Work item: Start at the first line below and write out everything verbatim except the pictures.

Data block:
**********

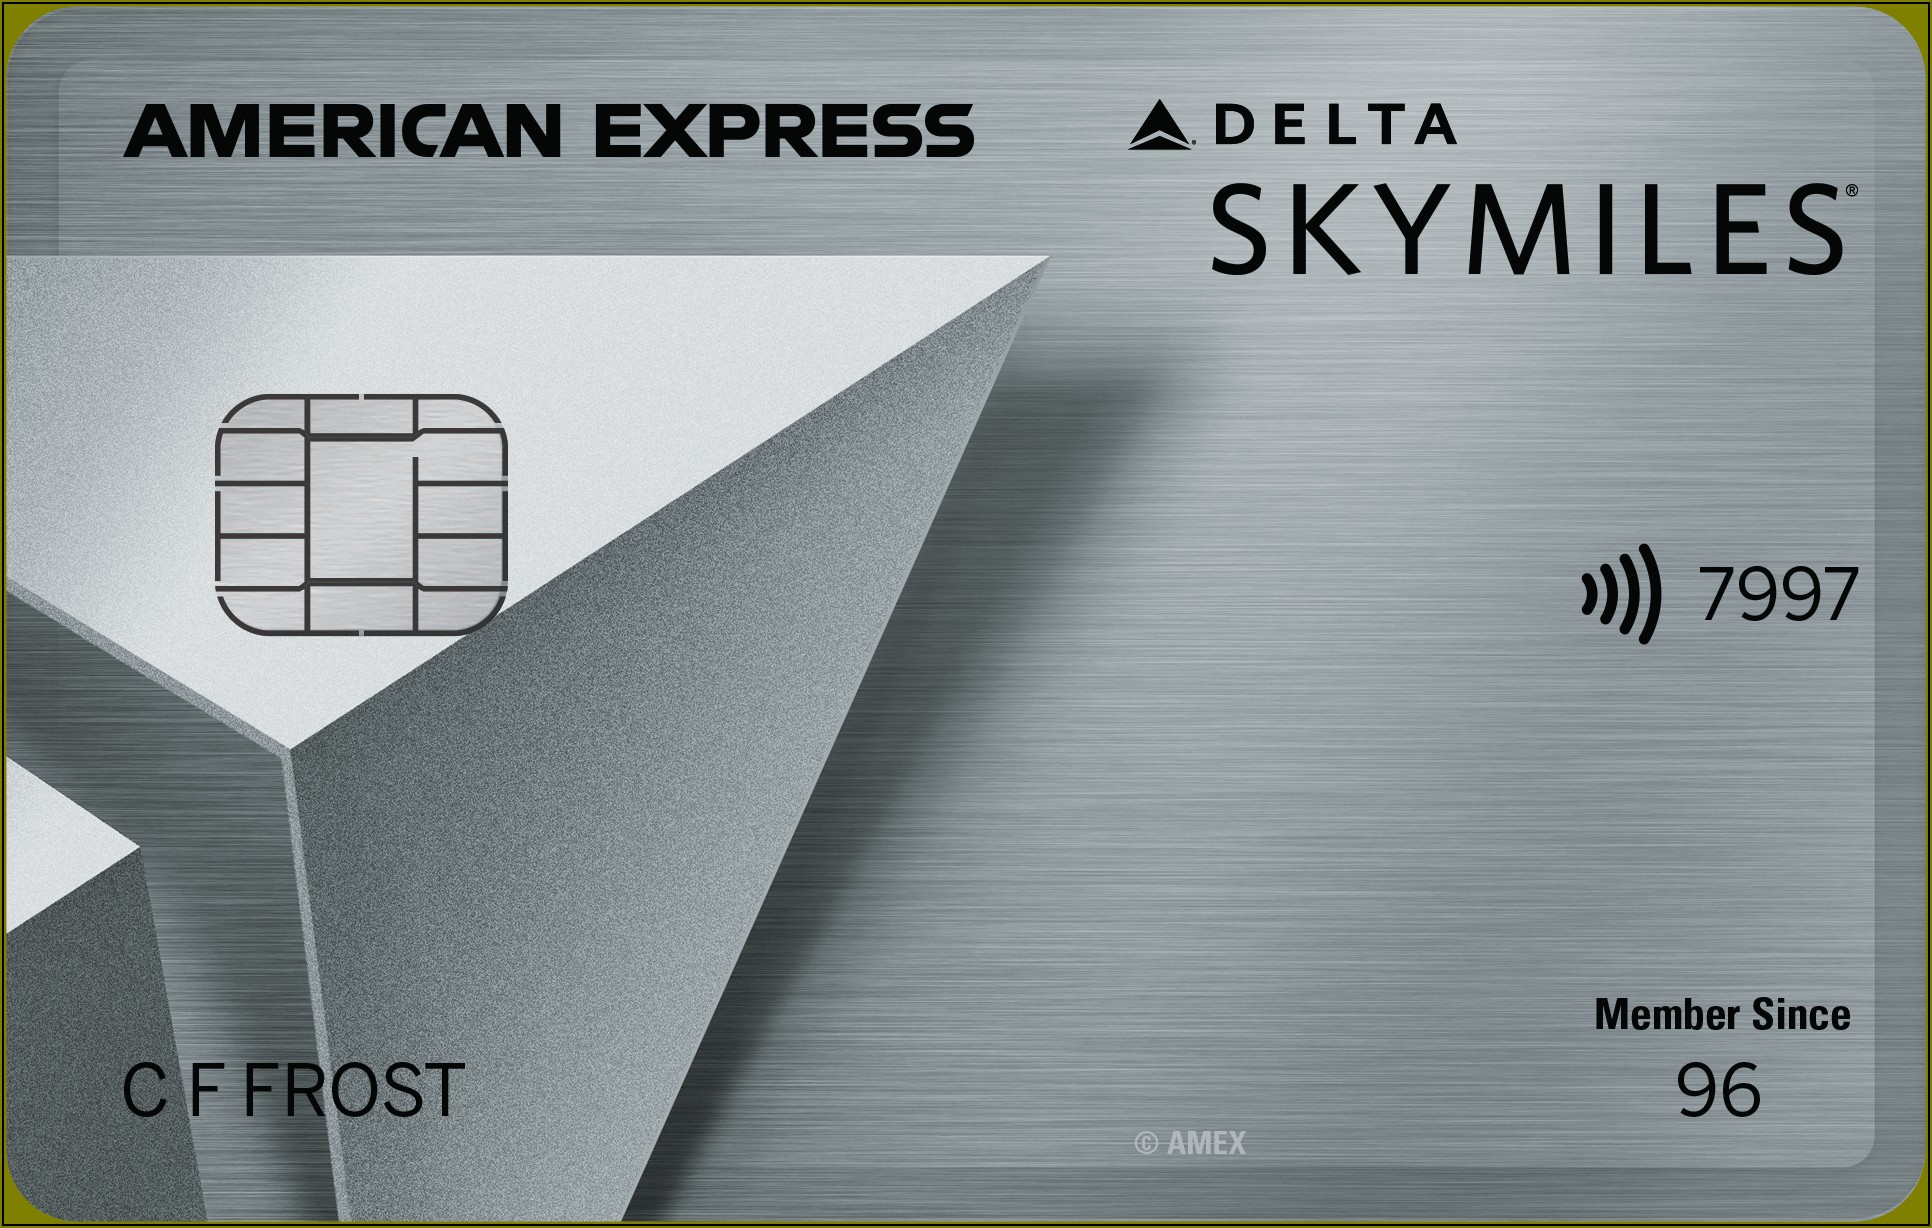 Delta Reserve For Business Credit Card Benefits
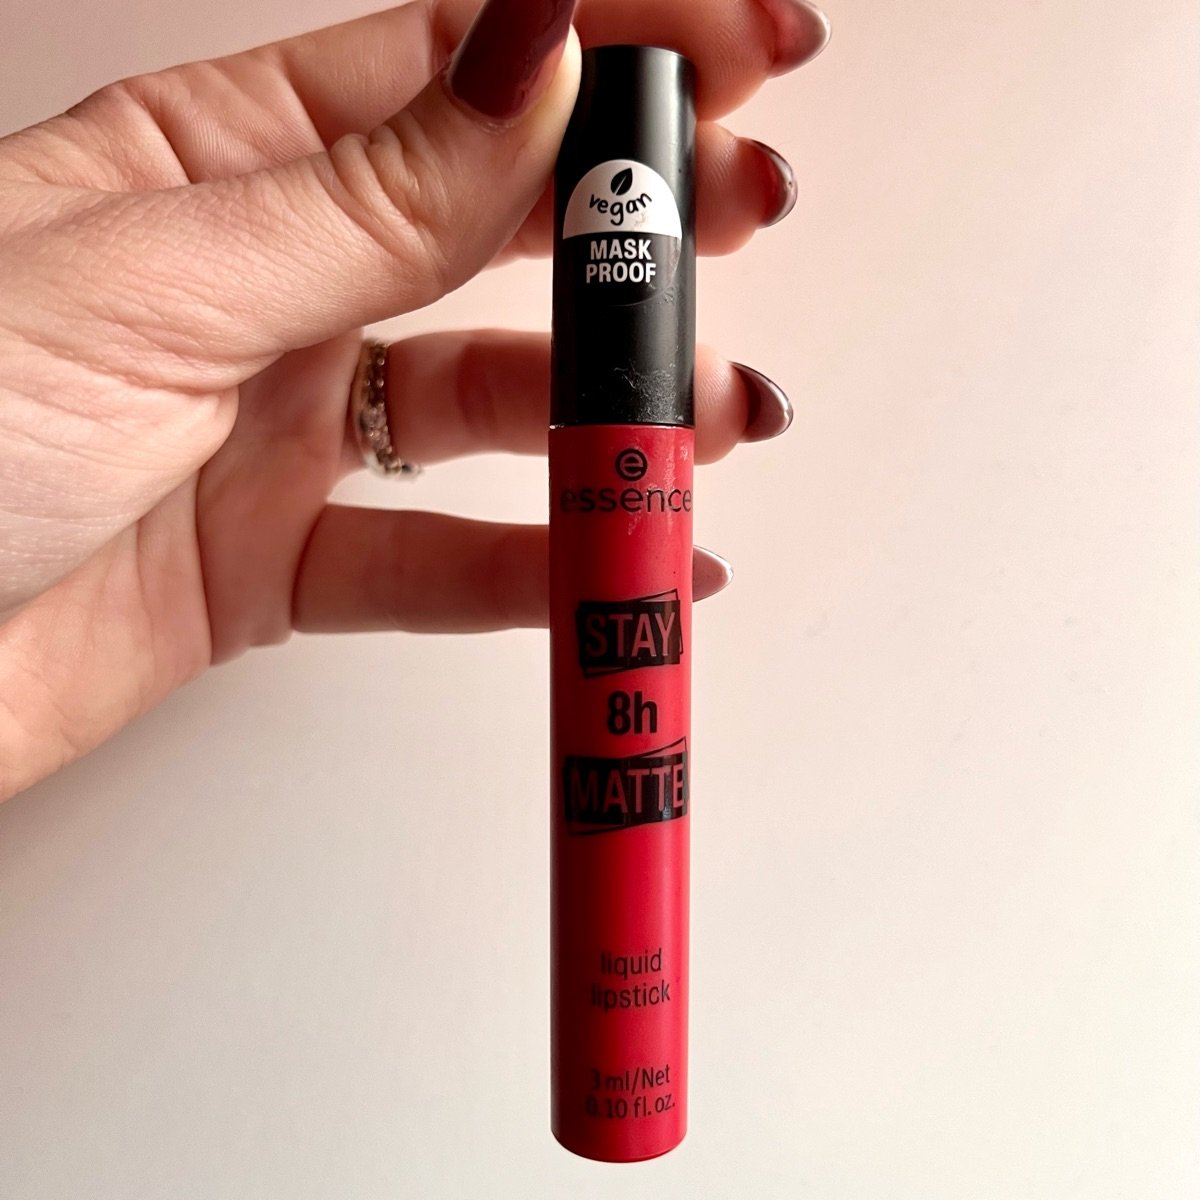 Essence Liquid lipstick stay 8h matte Reviews | abillion
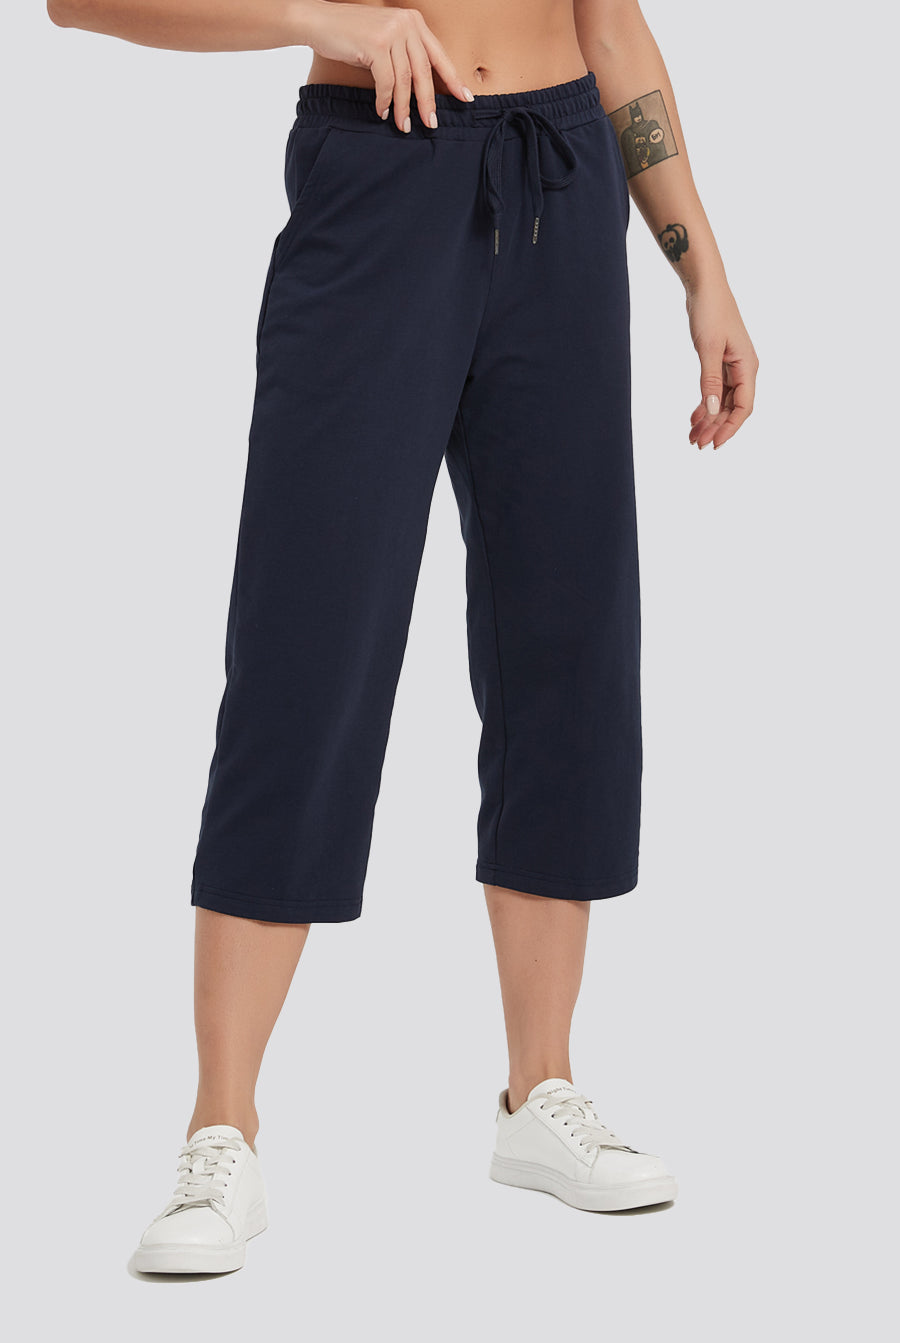 capri pants for women navy front view

**********

Result of the task:
 Delta Reserve For Business Credit Card Benefits
 Essence Liquid lipstick stay 8h matte Reviews | abillion
 capri pants for women navy front view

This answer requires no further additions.